Quote the data below in full, minus the images.

■ **DATA**:
========================================

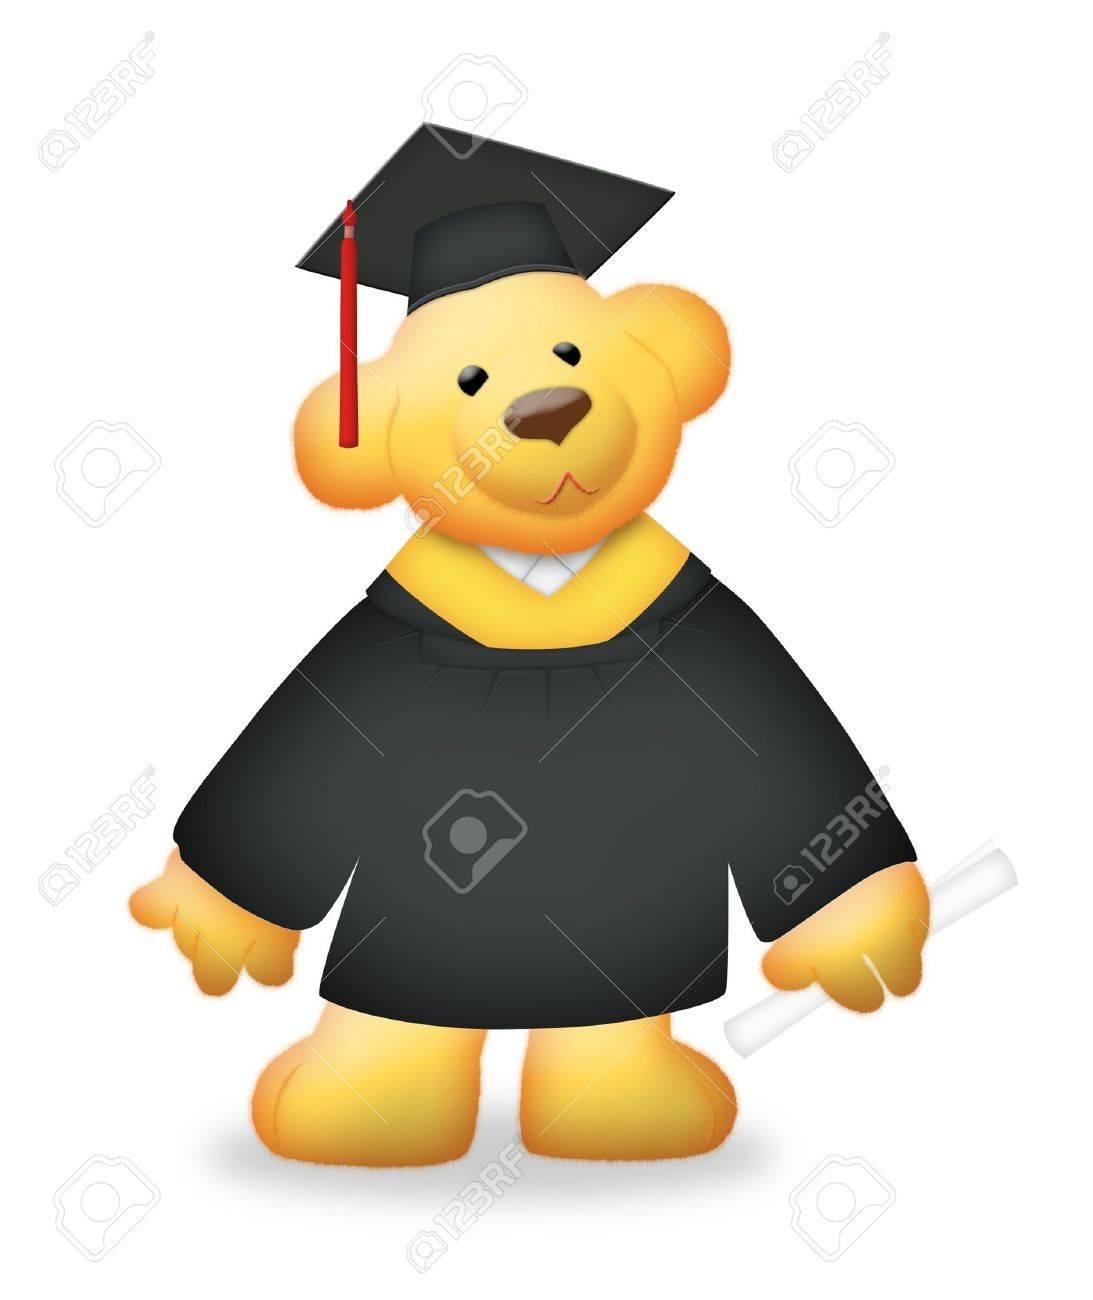 Graduation teddy bear wearing toga. - 9071915
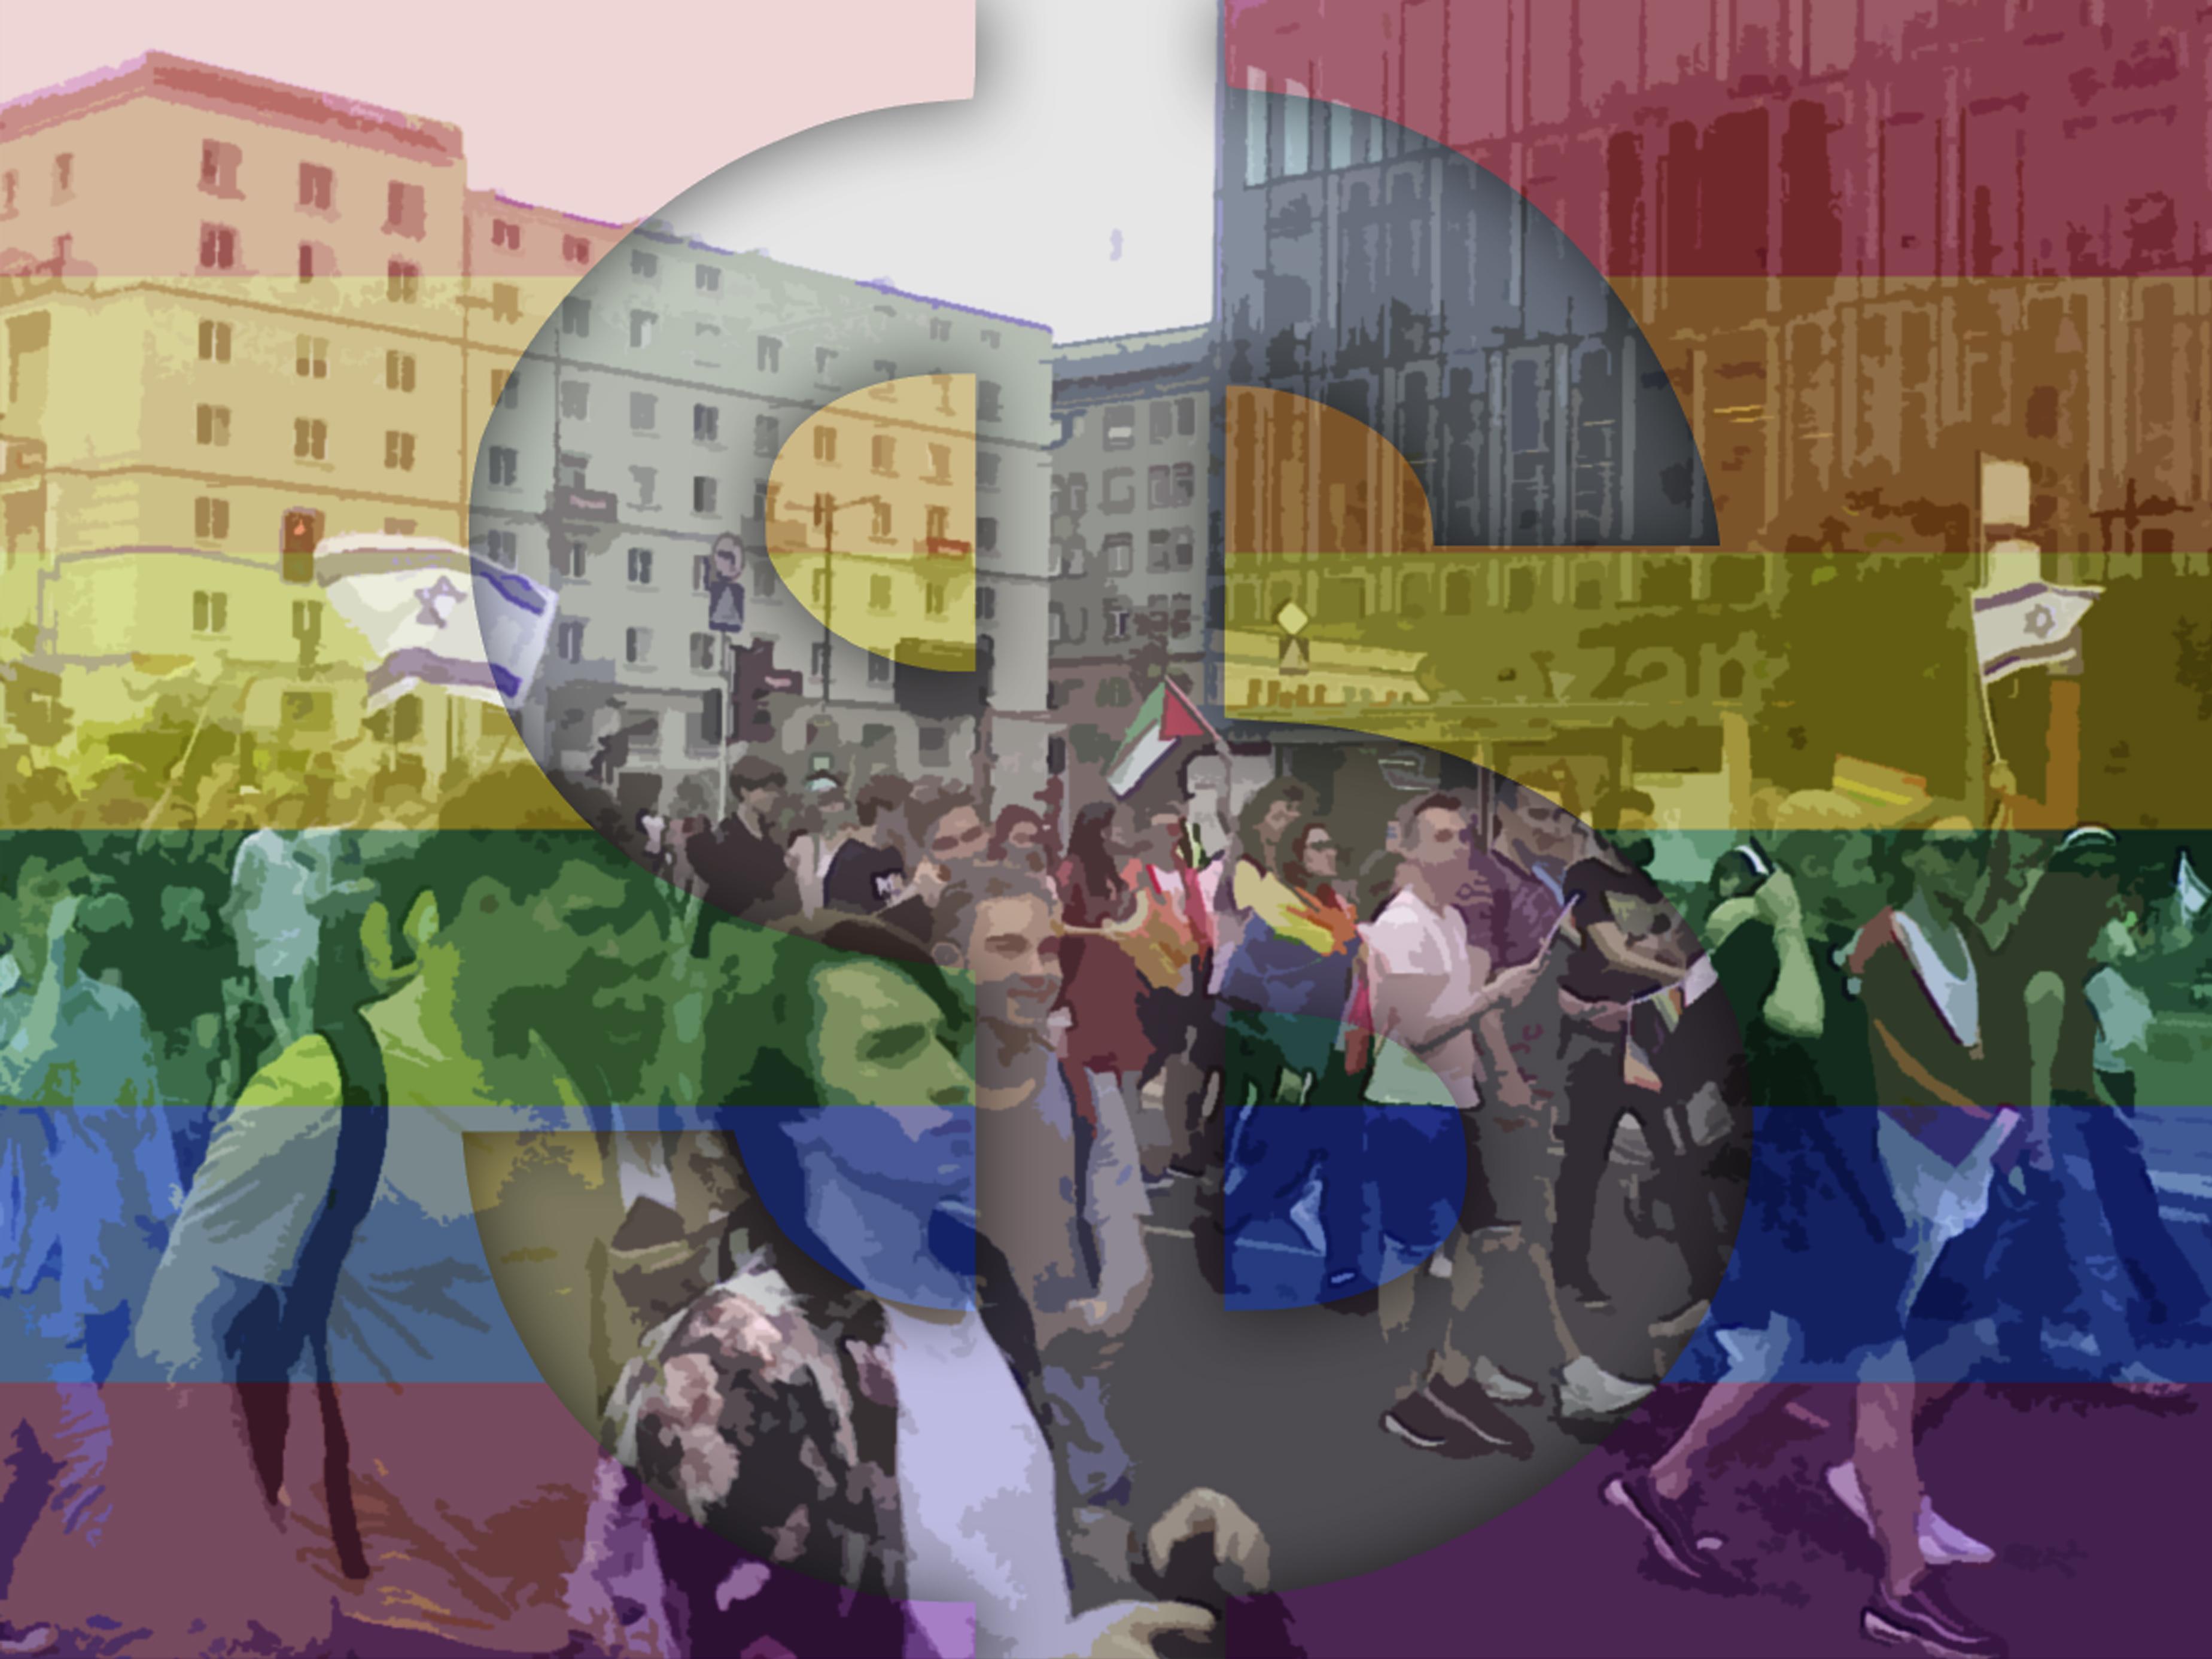 Londyn klucze seks lesbijski
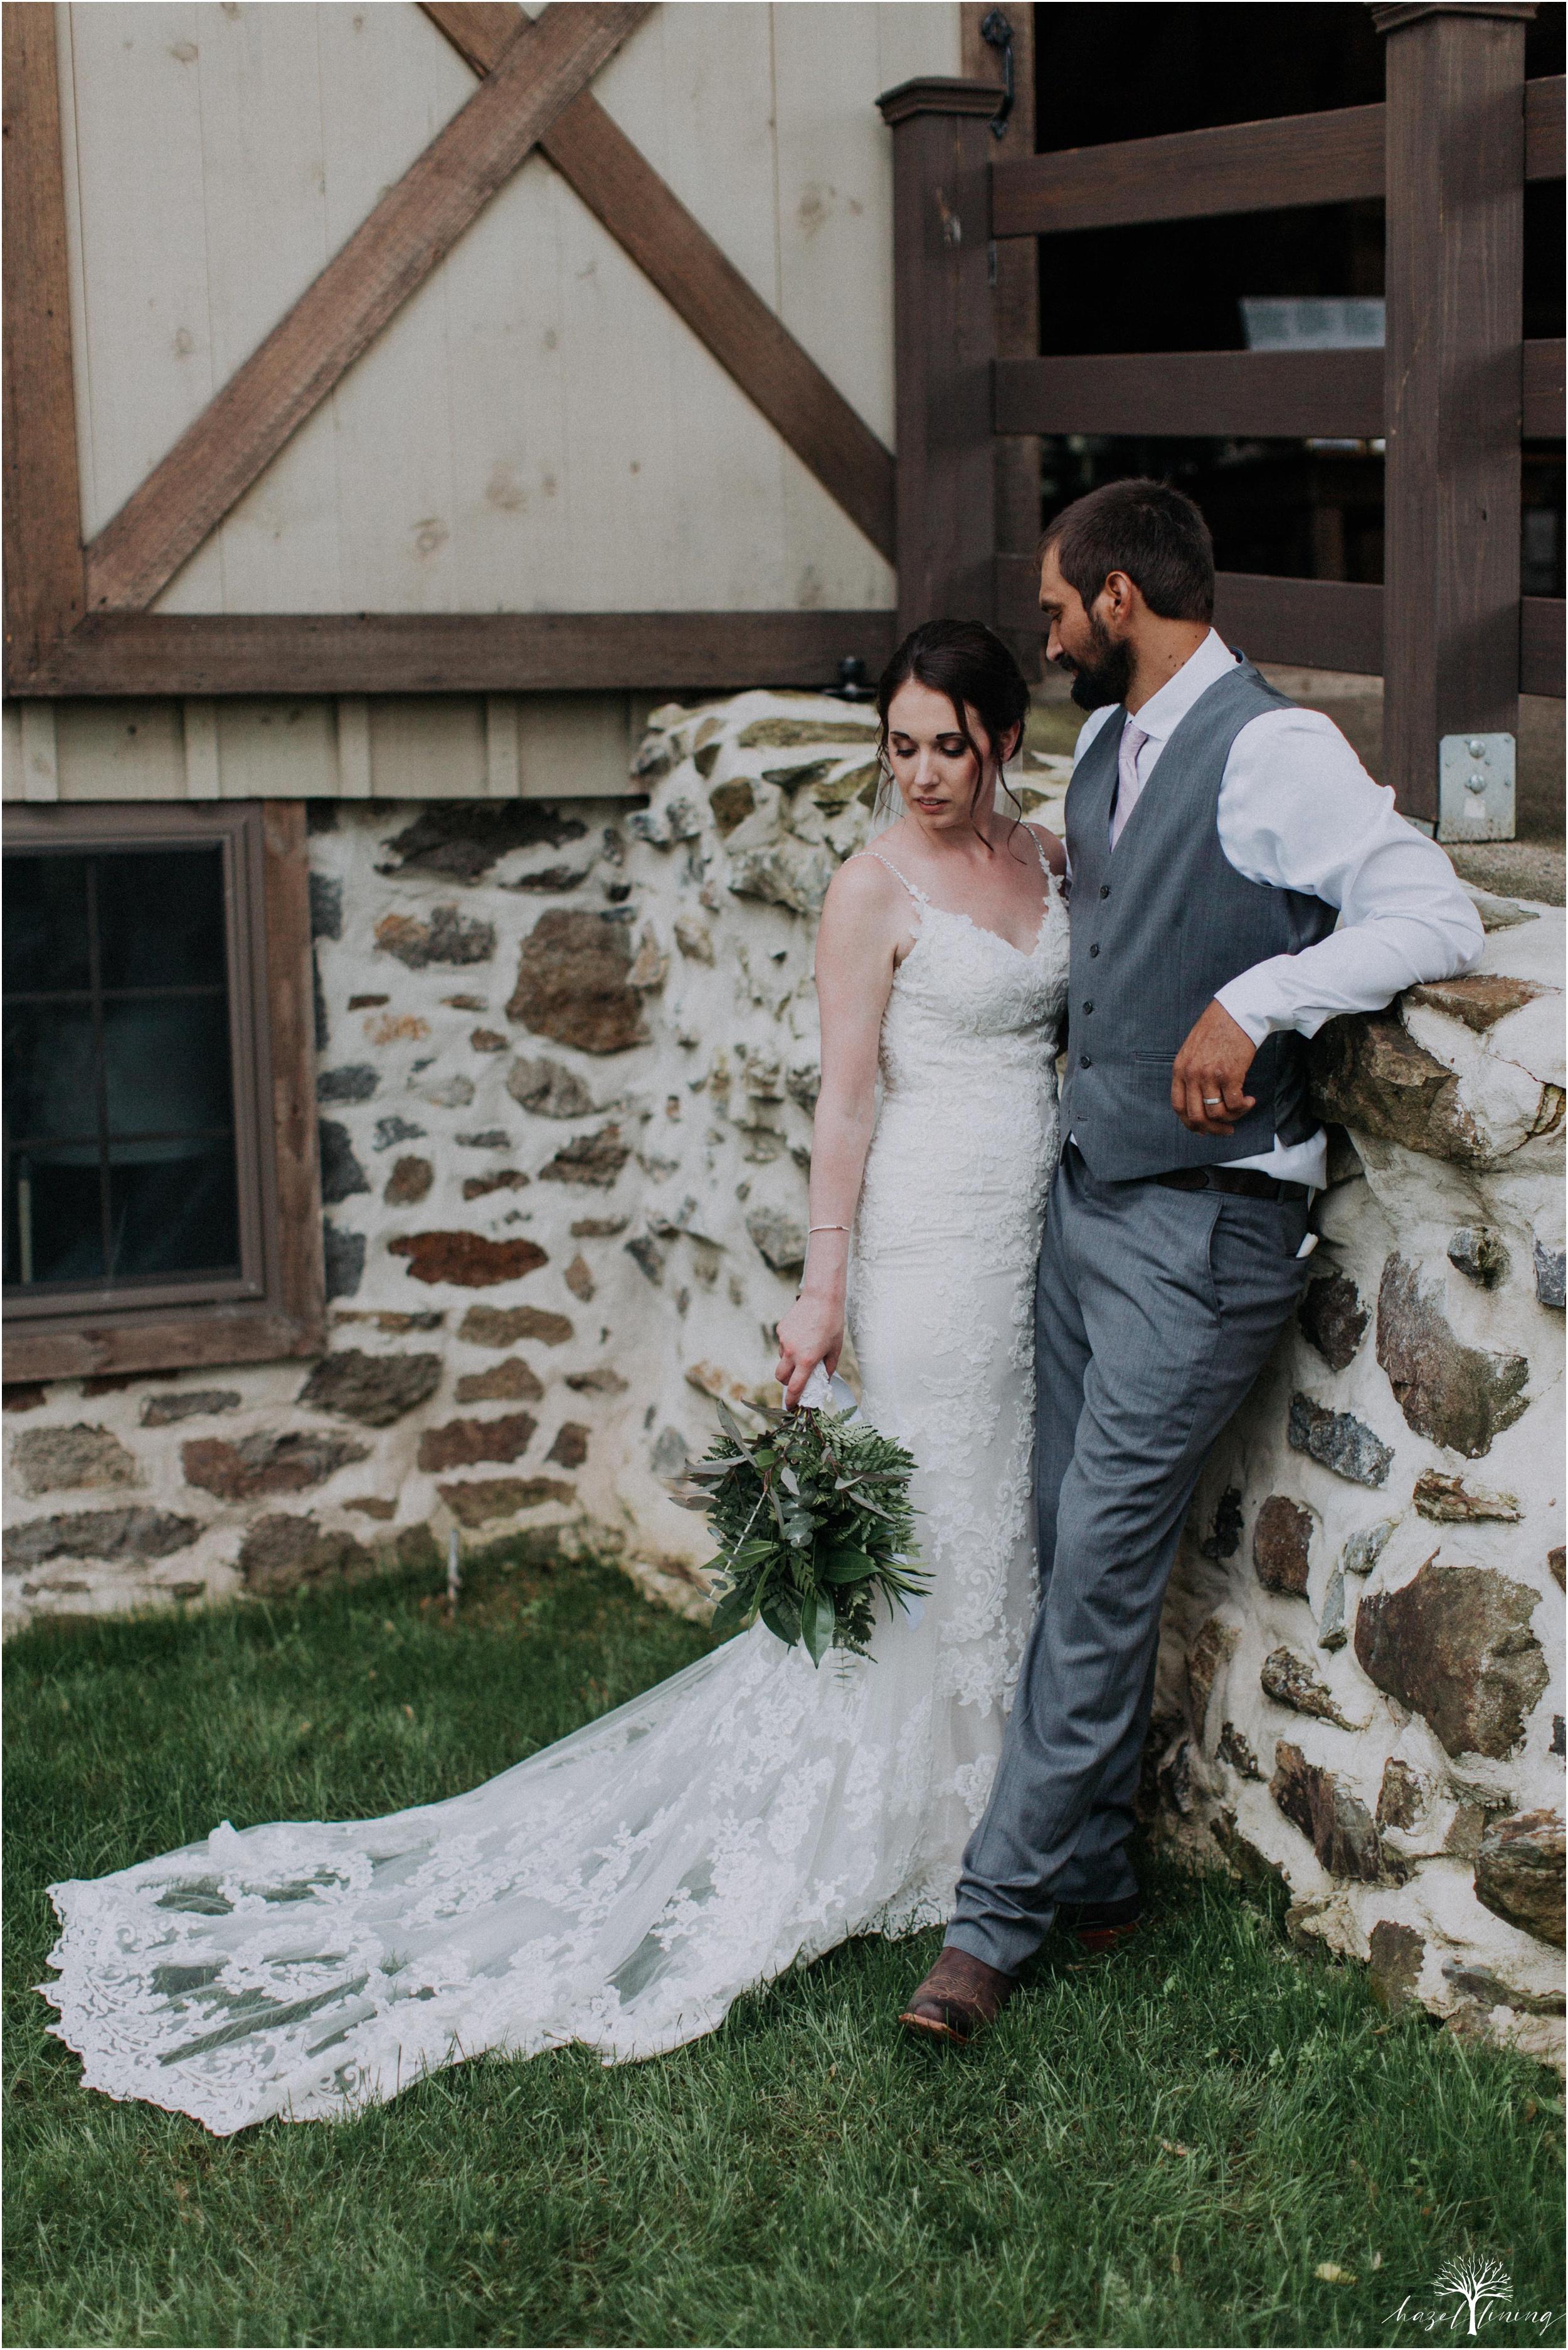 hazel-lining-travel-wedding-elopement-photography-lisa-landon-shoemaker-the-farm-bakery-and-events-bucks-county-quakertown-pennsylvania-summer-country-outdoor-farm-wedding_0100.jpg

========================================

■ **SOLUTION TO THE EXERCISE**:
 Graduation teddy bear wearing toga. - 9071915
 Londyn klucze seks lesbijski
 hazel-lining-travel-wedding-elopement-photography-lisa-landon-shoemaker-the-farm-bakery-and-events-bucks-county-quakertown-pennsylvania-summer-country-outdoor-farm-wedding_0100.jpg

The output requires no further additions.